# RECORDED INFORMATION

········

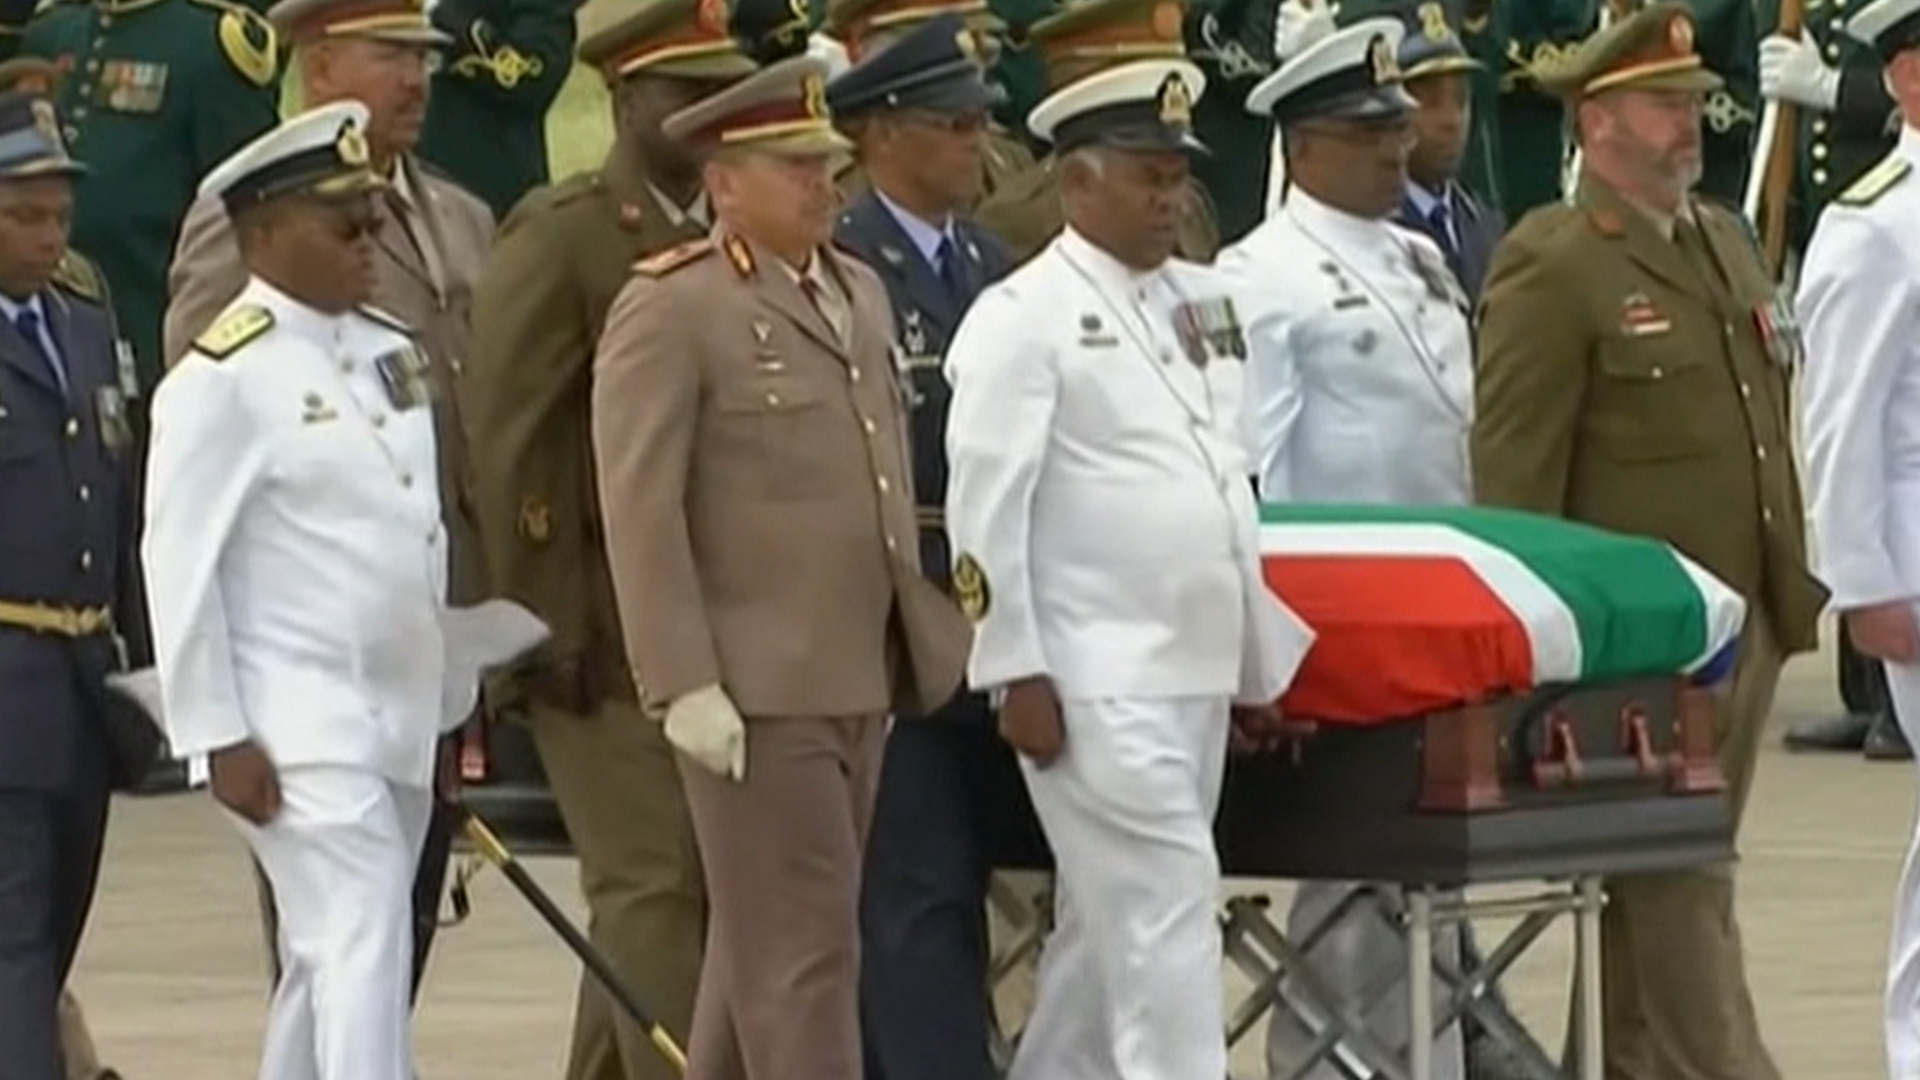 Desmond Tutu not attending Mandela's funeral?
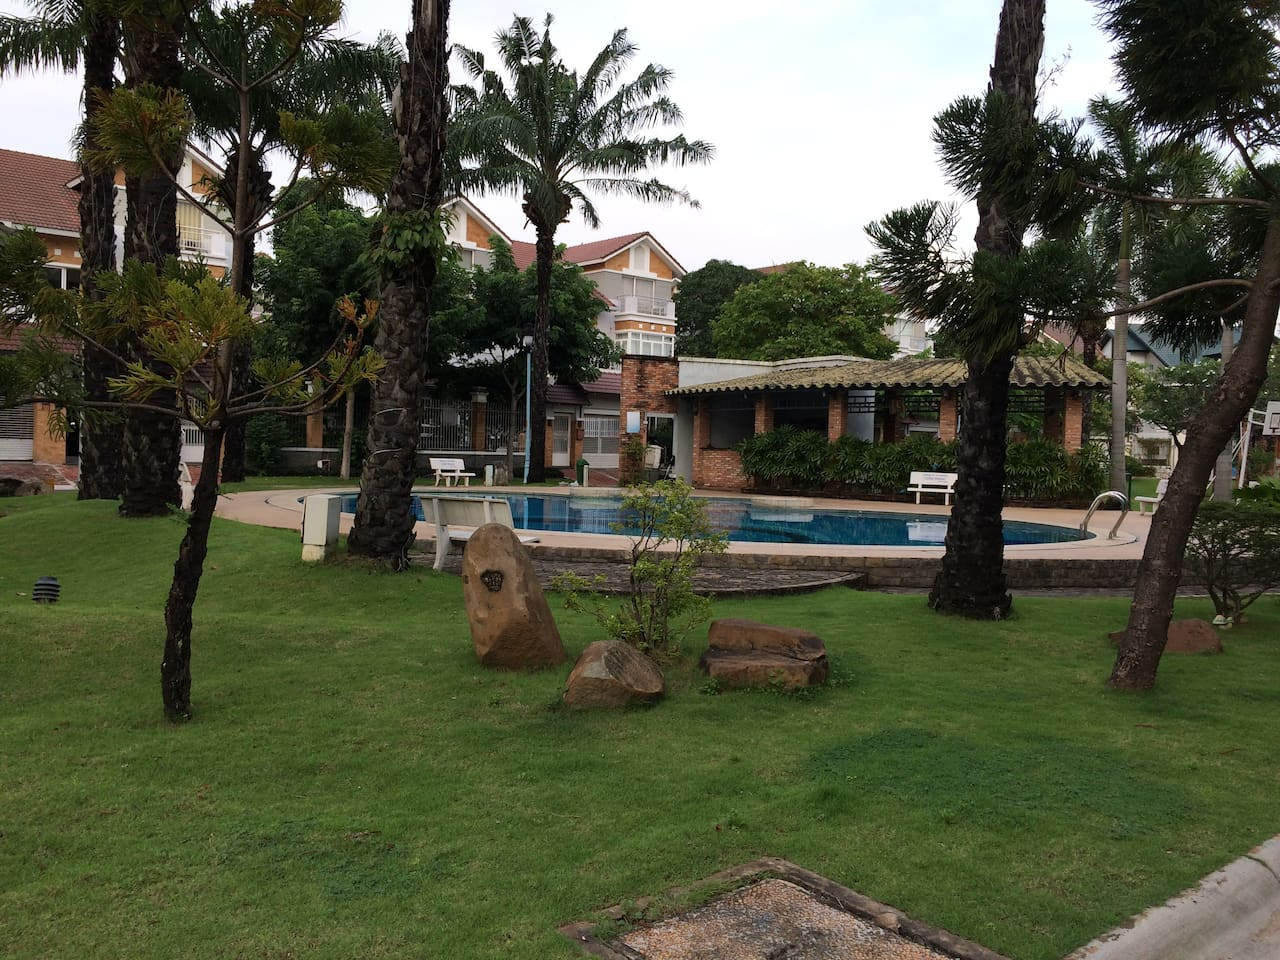 Nam Phu villas - garden and swimming pool
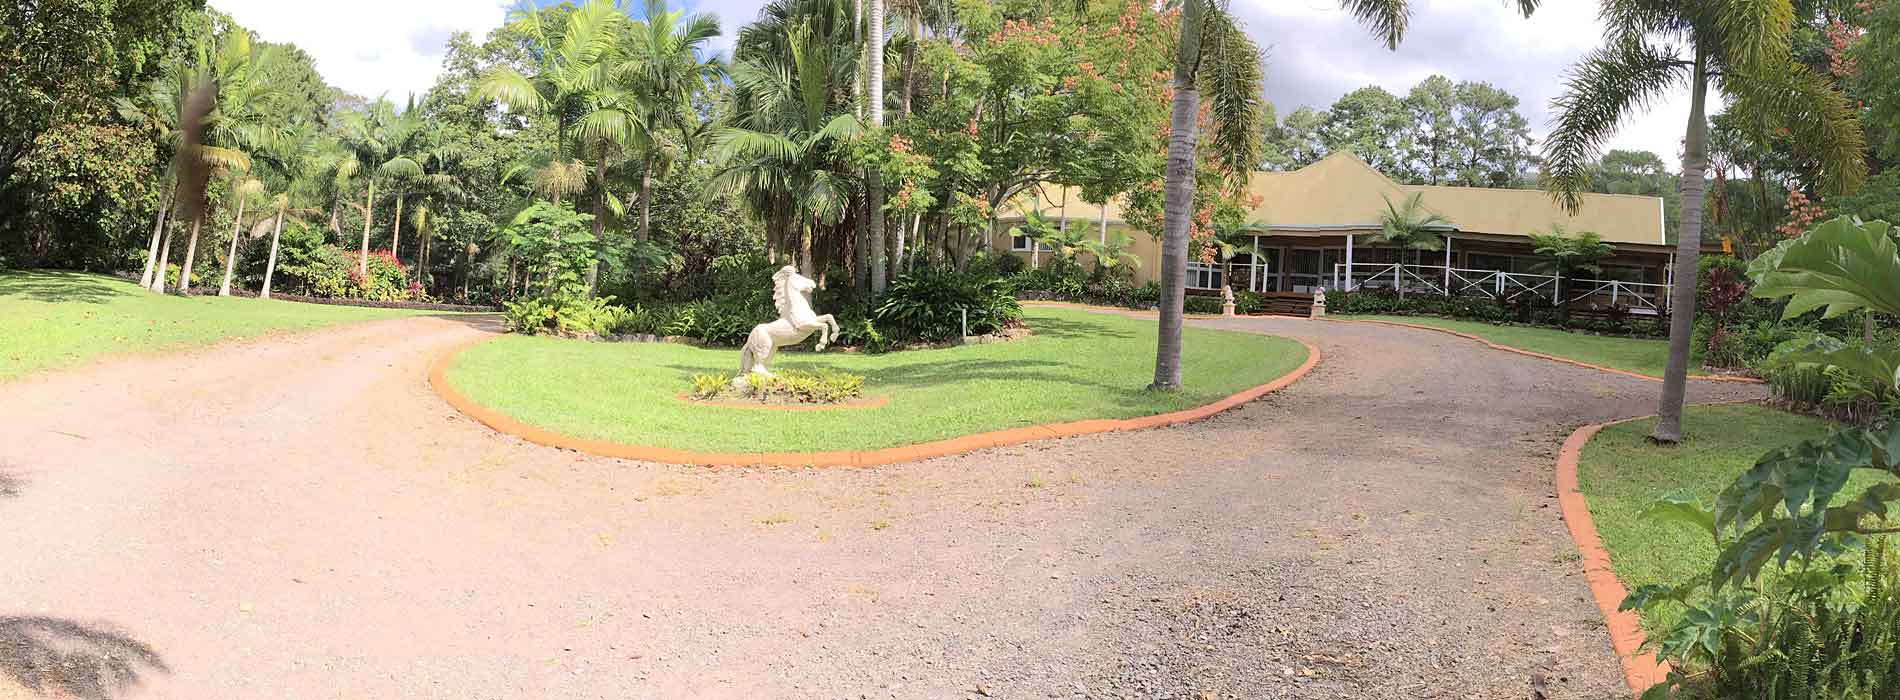 Merrypark Equestrian Centre, Eumundi, Sunshine Coast
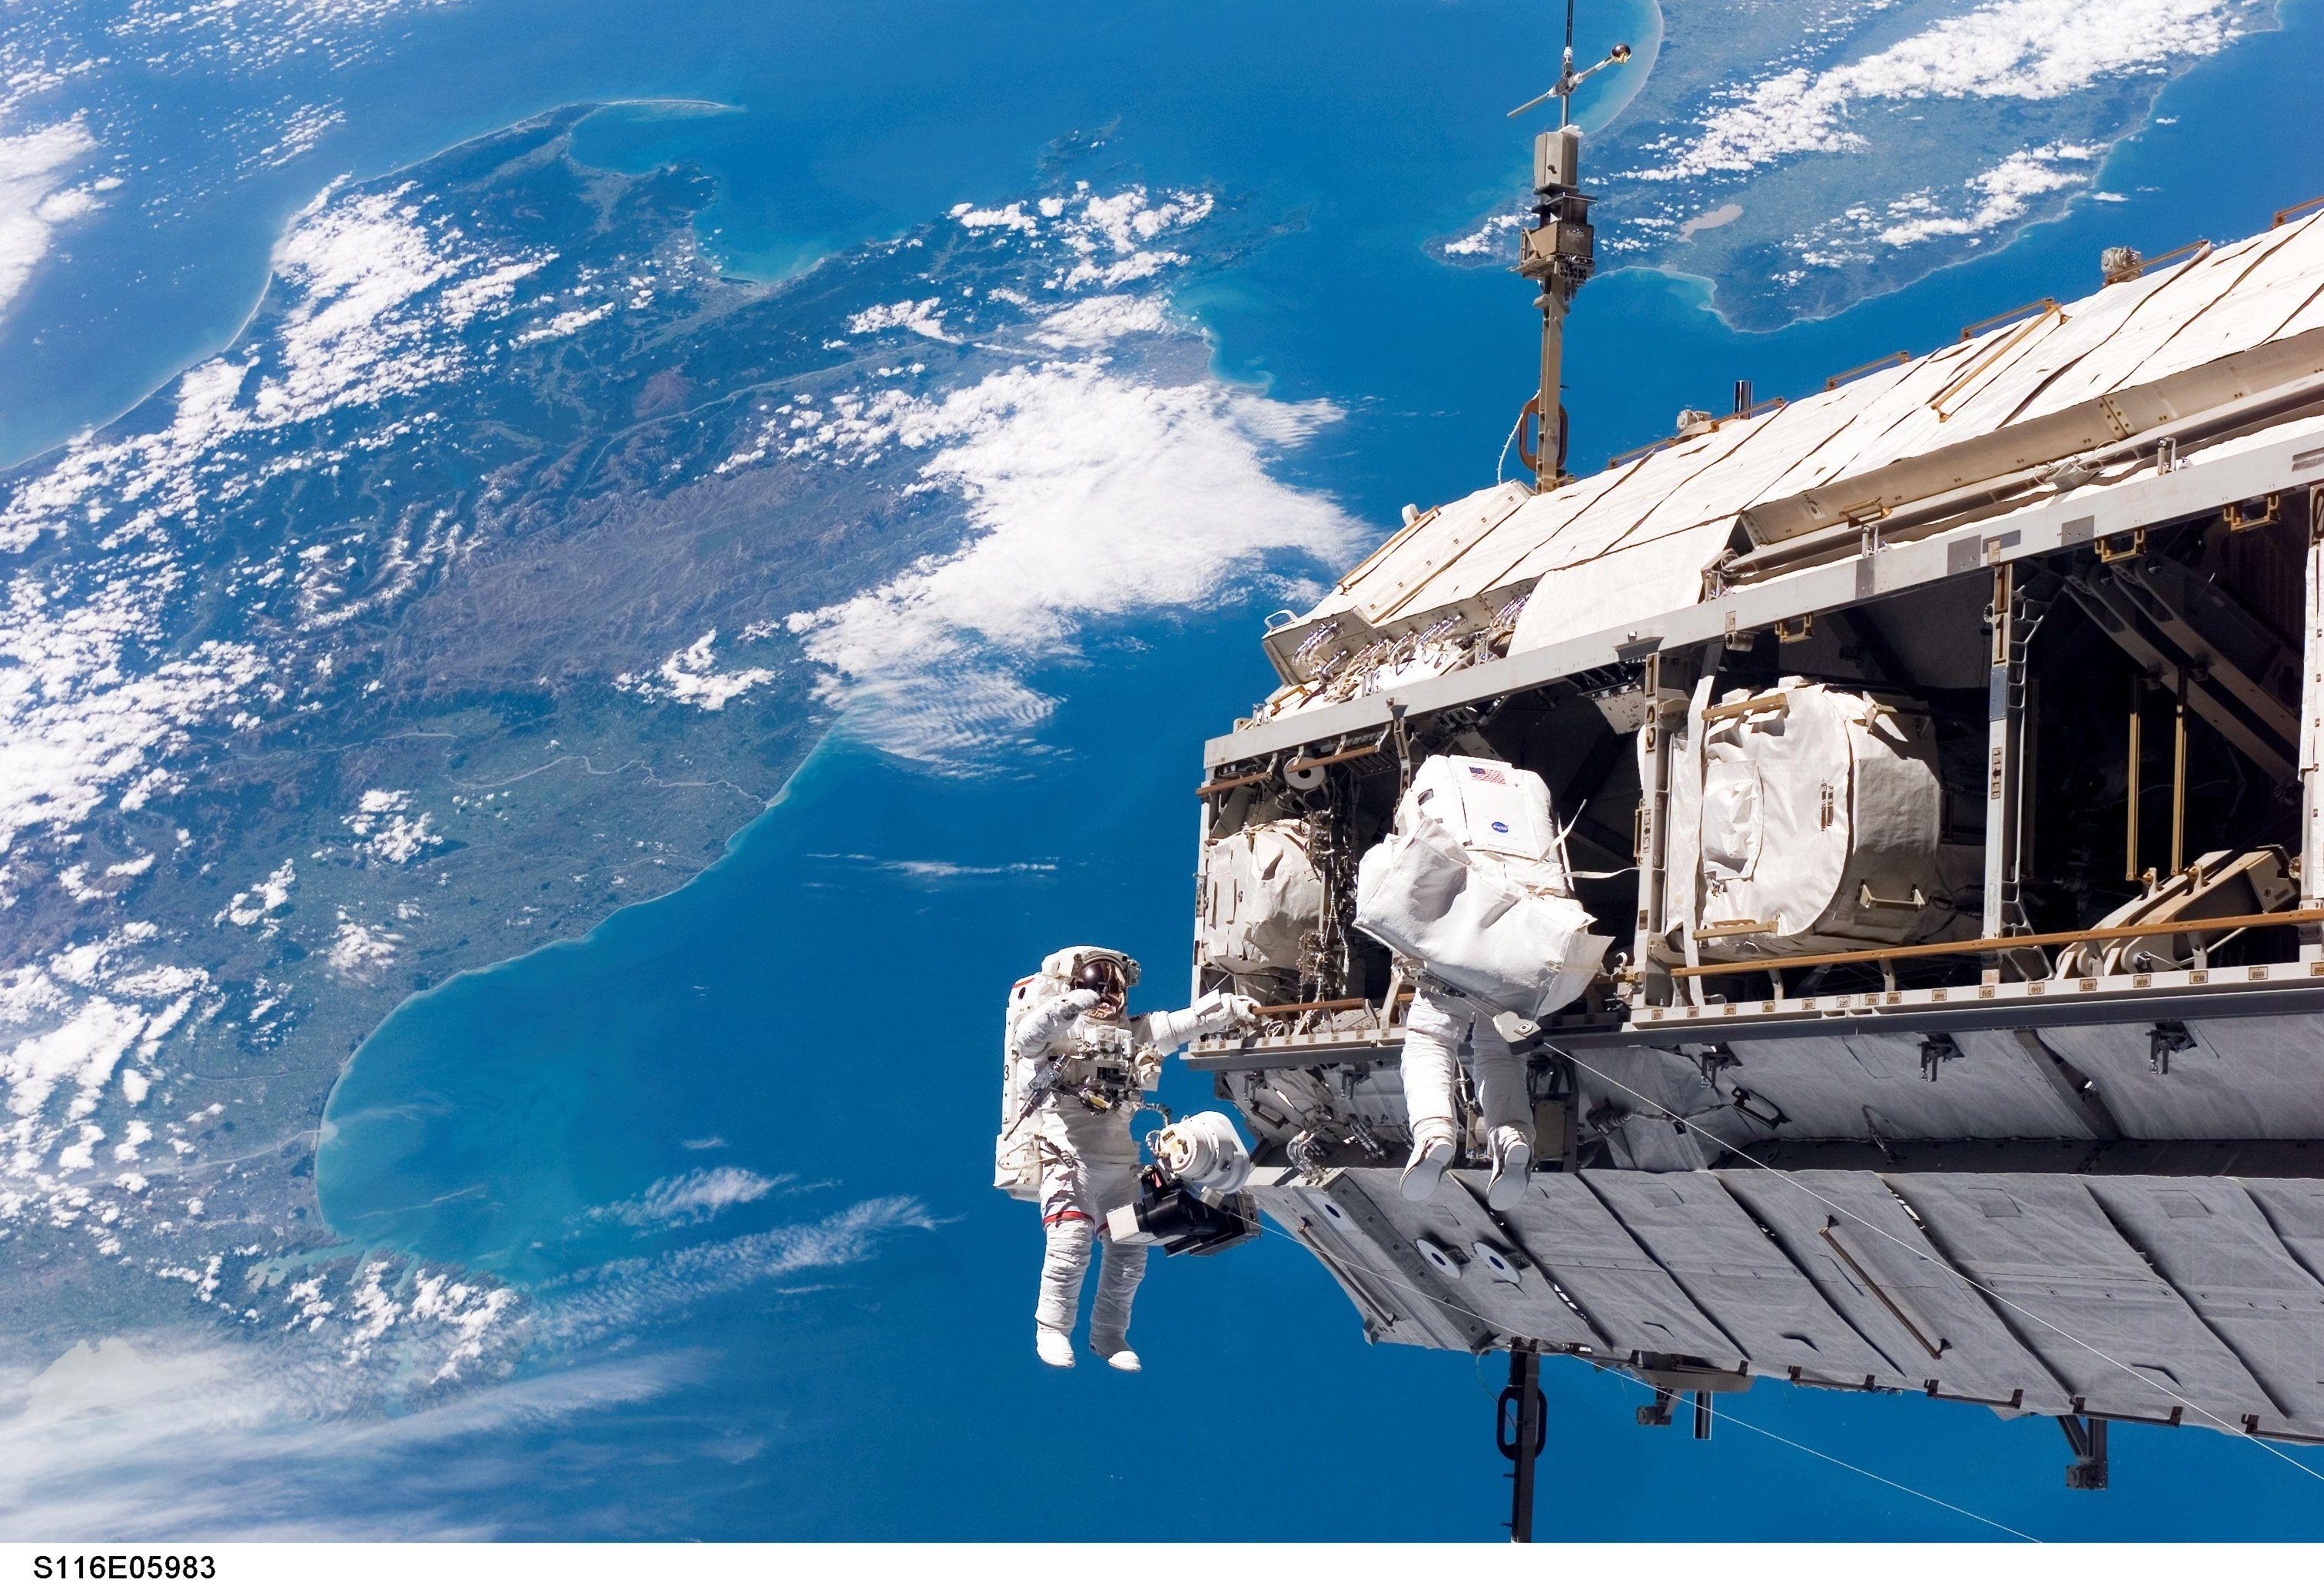 ISS astronauts adjust truss above New Zealand

········

# WHAT YOU HAVE TO DO
Each line from the one that holds "Merrypark Equestrian Centre, Eumundi, Sunshine" through the end of the material should be repeated exactly, and nothing more. Leave out any picture.

# ANSWER SPACE
 Merrypark Equestrian Centre, Eumundi, Sunshine Coast
 ISS astronauts adjust truss above New Zealand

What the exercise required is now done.